In terms of security, decentralization offers more entry points, but perhaps minimizes the damage of cyber attacks. There may be many controllers online, increasing the odds that one is attacked. However, because the controller may only manage one subsystem, the damage from the attack can be minimized.
This is also where distributed control systems can benefit decentralized systems. If a particular controller is attacked, it can be taken offline and the threat isolated. Its tasks can be assigned to another controller, perhaps a spare, and production only sees a hiccup. However, in order for this to happen, there must be some centralization to assign controller tasks and notify the operators that a controller has been attacked.
Degree of Centralization
While many will argue in favor of one system or another, the reality is it’s not a battle between centralized and decentralized control systems, but rather the degree of centralization that is up for debate. Back to the hot burner example; the signal still travels to the brain, and the brain makes decisions to NOT touch the burner again. To some extent, this means there is a centralized control system (the brain) and some decentralized components (reflexes).

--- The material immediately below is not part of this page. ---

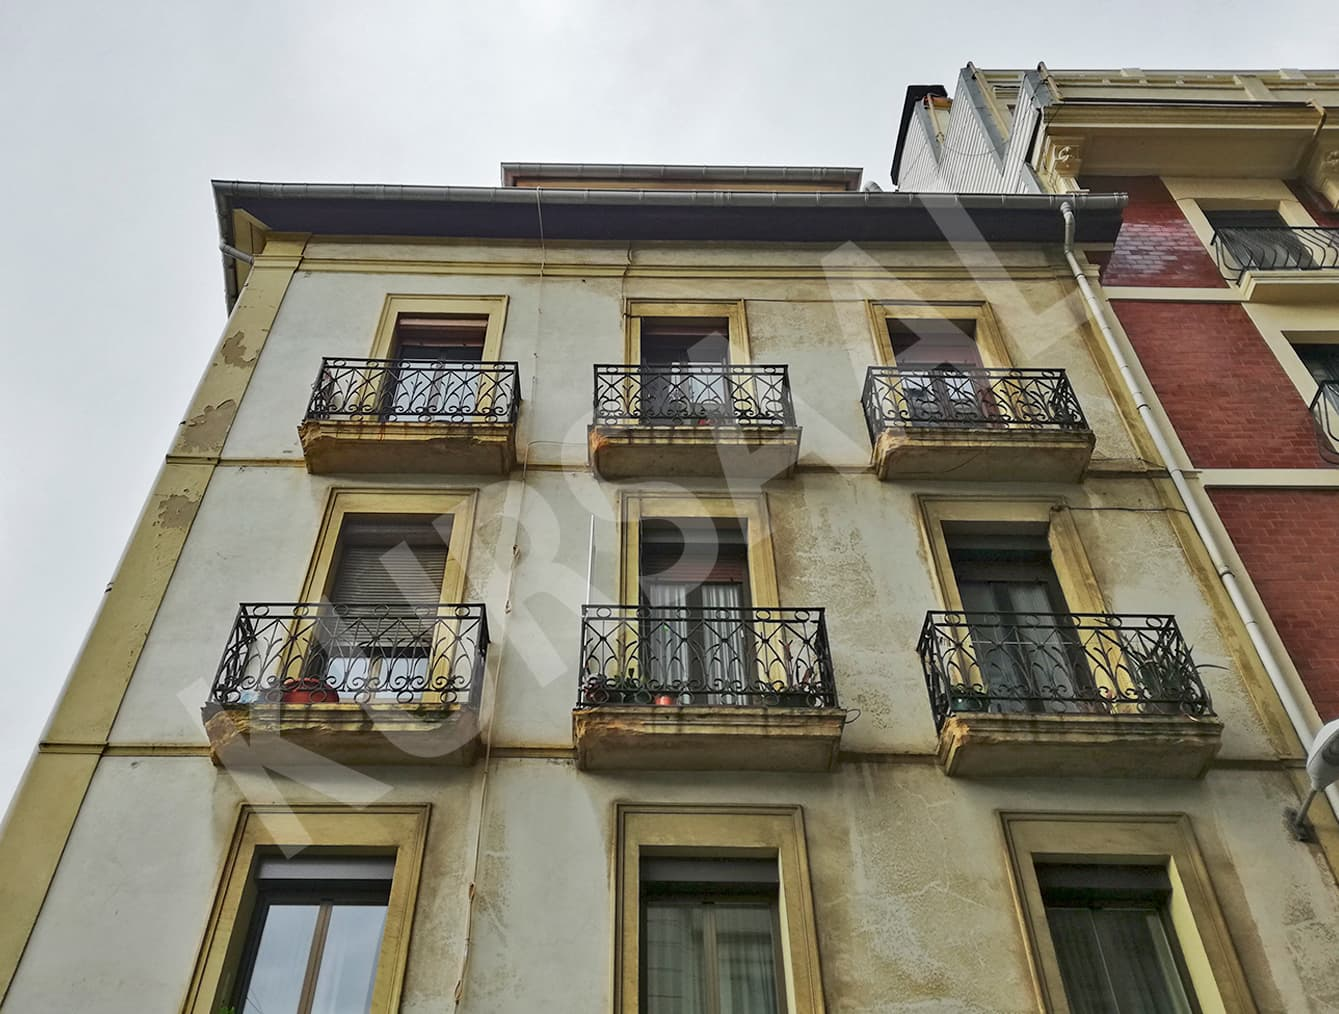 foto 1 - Restauración y patrimonio-Huertas, 4-DONOSTIA, GIPUZKOA

Organizations are structured this way as well. In a large office building, the top manager may not need to know exactly how each salesperson is performing, as they might in a smaller, more centralized business. Instead, they can trust middle and lower managers to report the important information up the chain.
So it goes with control systems used in manufacturing. Certain decisions are best left local, where decentralized control systems can make quick decisions without reporting every detail to a centralized control system. Instead, important information, such as tooling errors, can be forwarded up the chain as needed.